Война фельетонов сопровождалась суетой дипломатии. Русское правительство отправило в Варшаву своего представителя обер-шталмейстера Левенвольде, снабдив его широчайшими полномочиями в борьбе против вступления на польский престол Станислава или другого кандидата, поддерживаемого Францией. Ему было предоставлено право, не сносясь с двором, призвать 30-тысячное войско, сосредоточенное у границ, в Польшу «и совокупно с войсками союзников или отдельно, смотря по обстоятельствам, там действовать и во всем по его грамоте диспозиции и учреждениям поступать».
3 мая русский, прусский и австрийский дипломаты предприняли попытку оказать давление на примаса Федора Потоцкого, но тот выступил решительным защитником Станислава и в ответ на угрозу Левенвольде, что «Россия не привыкла делать с своим войском пустую тревогу», заявил: «Утесняйте меня страхом, но не боюся, если Бог за нас, кто против нас».
Начался второй этап в избрании польского короля: созыв конволакционного (избирательного) сейма и вторжение русских войск в Польшу. Примас нисколько не искажал ситуацию, когда заявил трем союзным дипломатам: чем больше они будут оказывать противодействие избранию Станислава, тем надежнее его шансы быть избранным. Действительно, подавляющее большинство поляков отдавало предпочтение Станиславу отчасти в знак протеста против вмешательства в их дела союзников, отчасти под влиянием щедрости Франции. В росте популярности Станислава убедился и Левенвольде.
В сложившейся обстановке Левенвольде действовал топорно и ничего лучшего не придумал, как поручить своей канцелярии составить «Манифест доброжелателей» — никем не подписанный документ, предупреждавший о нависшей опасности со стороны Франции навязать Польше королем человека, признанного врагом отечества. Манифест заканчивался словами: «Поэтому мы считаем своим священным долгом нашим обратиться к союзным державам, которые объявили, что хотят всеми средствами защищать права и вольности Речи Посполитой, и просить их, чтобы они защитили драгоценнейшее сокровище наше — право свободного избрания короля. Мы просим их помощи, потому что не желаем на избирательном сейме подвергаться тем же насильствам и беззаконным мерам, от которых терпели на созывательном сейме. Мы желаем совершенно свободного избрания, без исключения кого бы то ни было, и признаем нашим королем того, кто окажется достойнейшим и кого назначит нам Бог, будет ли этот избранник наш пяст (поляк. — Н. П.) или чужестранец». Под последним подразумевался Август III. Состряпанная фальшивка давала формальное основание для вторжения русских войск в Польшу.

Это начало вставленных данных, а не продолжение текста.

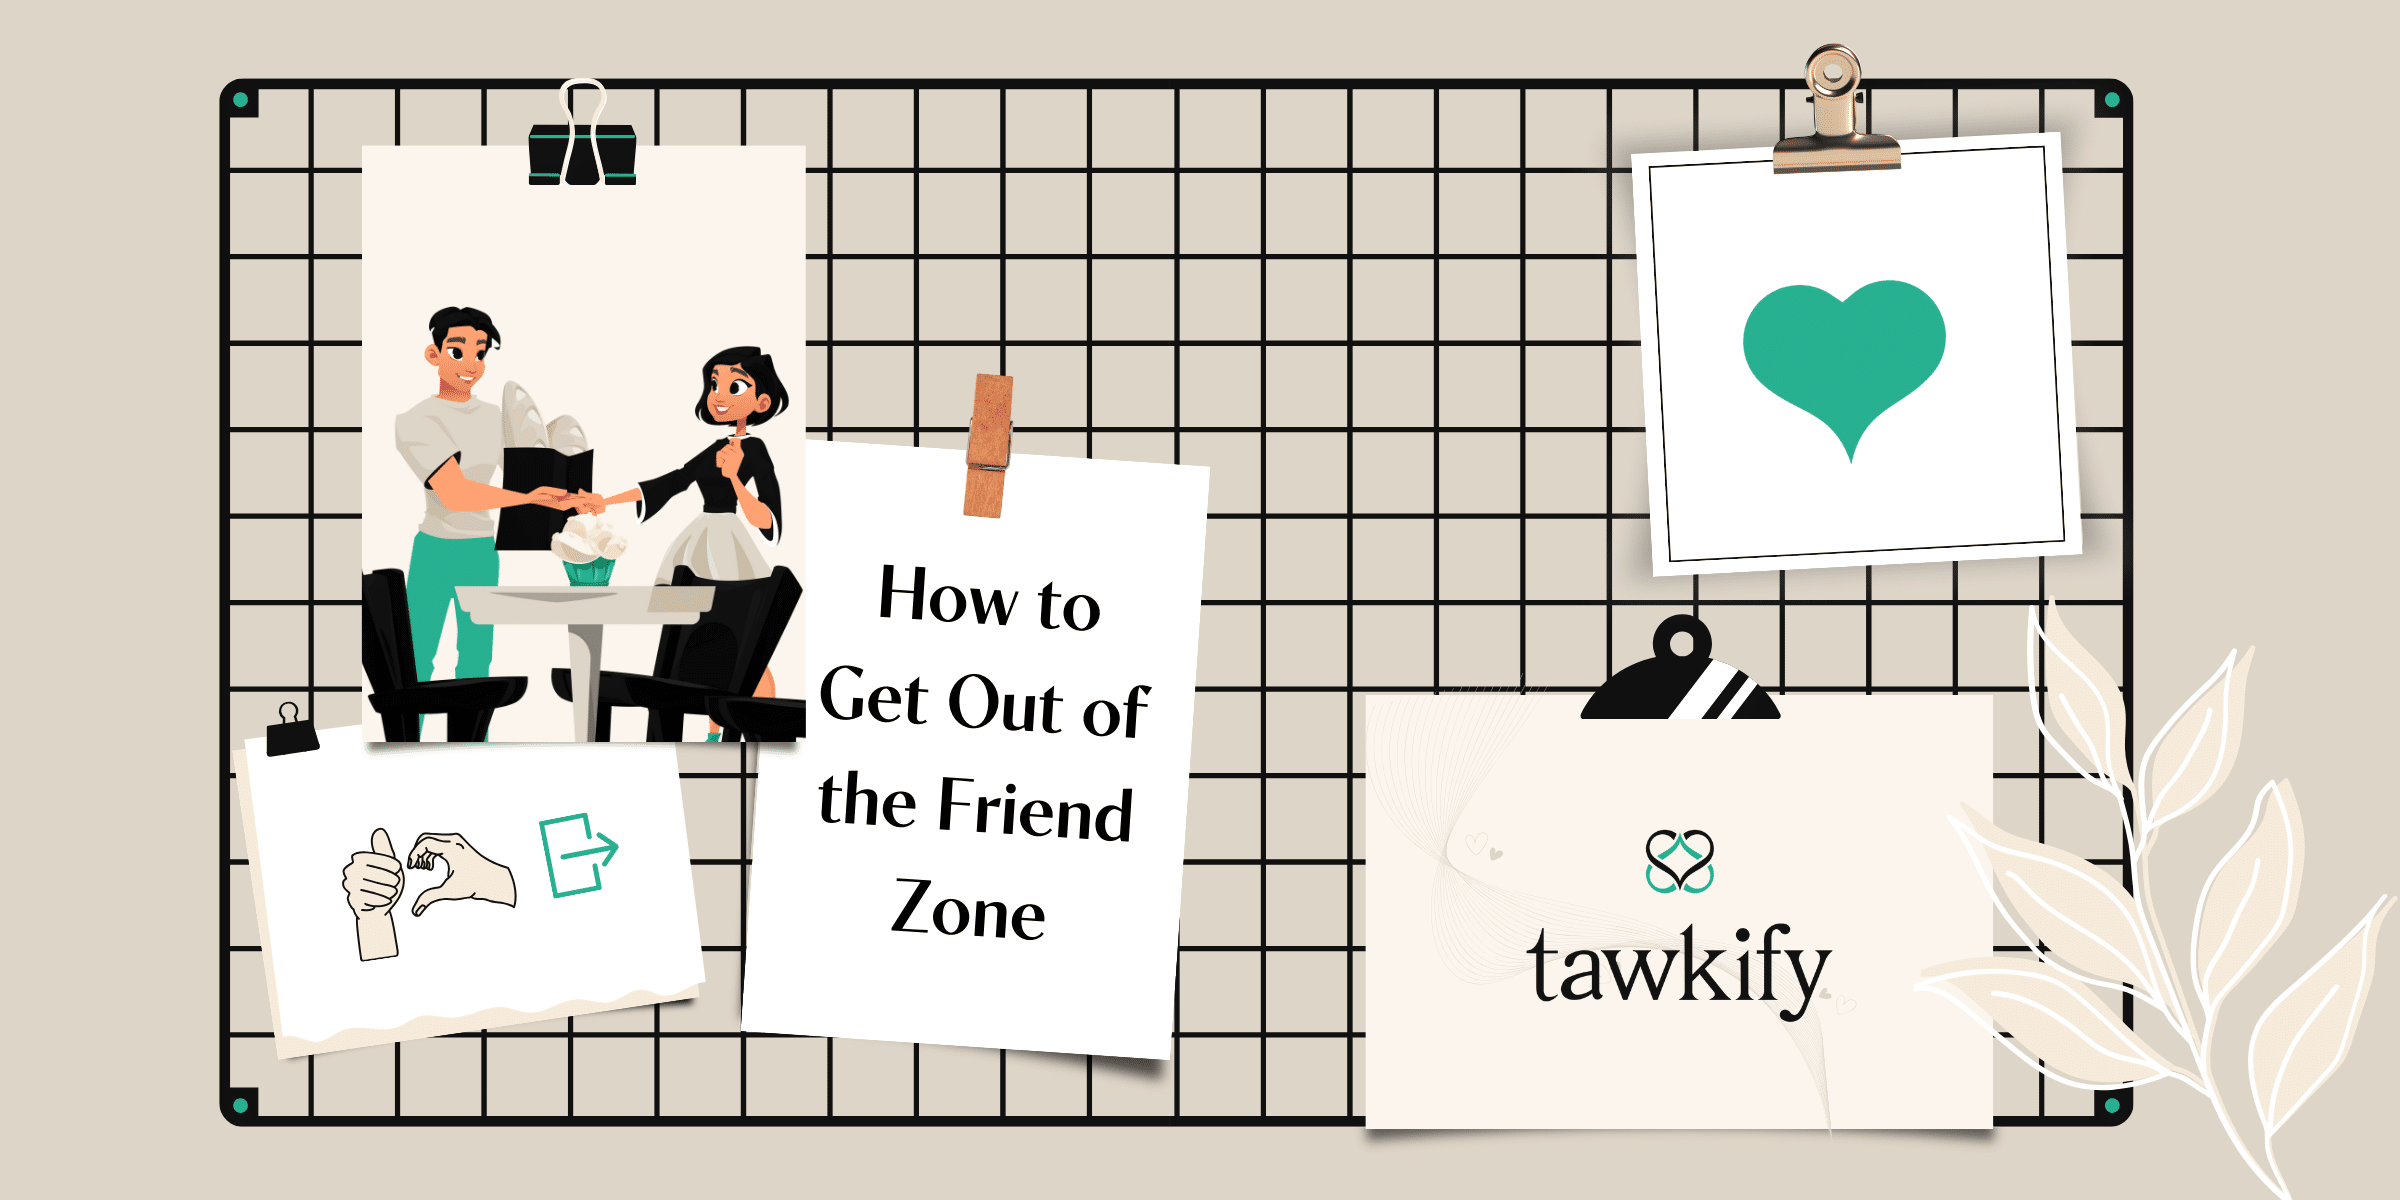 Don’t get stuck in the friend zone. Learn how to get out of the friend zone with this helpful guide, plus tips for different scenarios—because every friendship is different.

Подобный поступок русской дипломатии можно с полным основанием назвать безнравственным, но иным средством противостоять натиску Франции Россия не располагала и угроза вторжения войск, как и вторжение, являлись последним средством защиты национальных интересов и сохранения суверенитета страны. Не лучшей оценки заслуживает и правительство Франции, пытавшееся вдали от своих границ создать цепь враждебных России государств с целью придать Российской империи статус допетровской Московии. Но главным виновником происходивших в Речи Посполитой событий являлись польская шляхта и магнаты, доведшие страну до такого экономического и политического упадка, который позволял более сильным соседям и отдаленной от нее Франции вмешиваться в ее внутренние дела.
Левенвольде не решился использовать предоставленное ему право вызова войск в Польшу и, не простившись с примасом, отправился в Петербург добывать соответствующий указ, прихватив при этом список фамилий наиболее активных сторонников Станислава, имения которых должны быть разгромлены вторгнувшимися русскими войсками.

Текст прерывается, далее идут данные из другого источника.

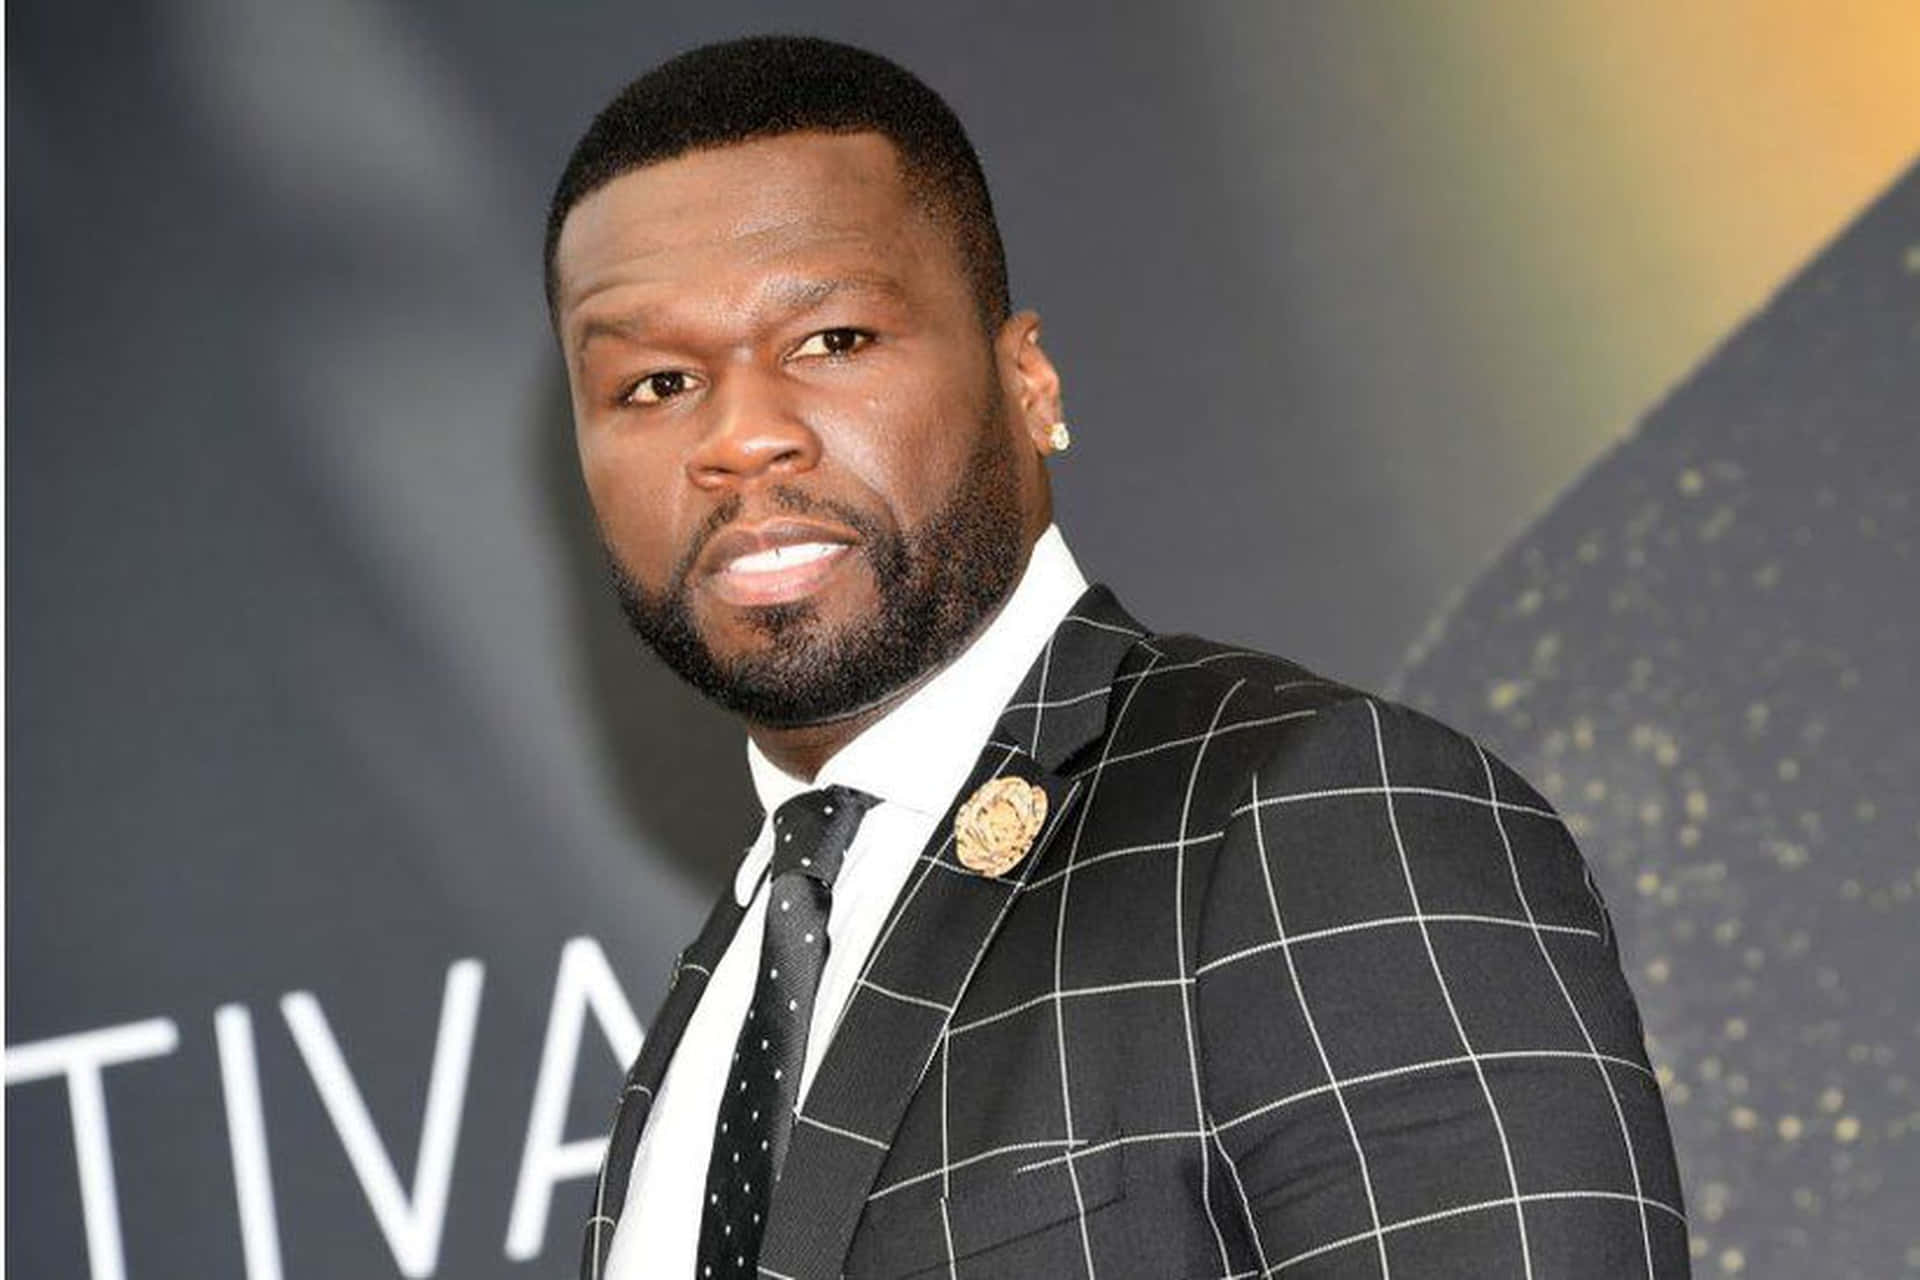 Download 50 Cent Pictures 2120 x 1413 | Wallpapers.com

Между тем Станислав 21 июня инкогнито прибыл в Польшу и поселился в монастыре Св. Креста, что близ Варшавы. 9 сентября он появился в столице, а 12 сентября избирательный Сейм единогласно провозгласил его королем.
В противовес избирательному Сейму в Варшаве менее представительный Сейм в Праге (на нем присутствовало 16 сенаторов и до 600 человек шляхты) избрал королем Августа III.
Вызывающее поведение примаса и сенаторов опиралось на убаюкиваемые ложные донесения польского посла в Петербурге Лефорта о слабости русской армии, об отсутствии средств в казне, о том, что императрица не решится подписать указ о вторжении. 19 июня специальный представитель примаса Рудомино подал императрице грамоту, выражавшую уверенность, что она не нарушит свободы избрания короля и будет «зерцалом для прочих держав». Следуя этому внушению, императрица приобрела бы более славы, чем многими победами, которые хотя и надежны, но вызовут обиду и всенародное рыдание населения Польши.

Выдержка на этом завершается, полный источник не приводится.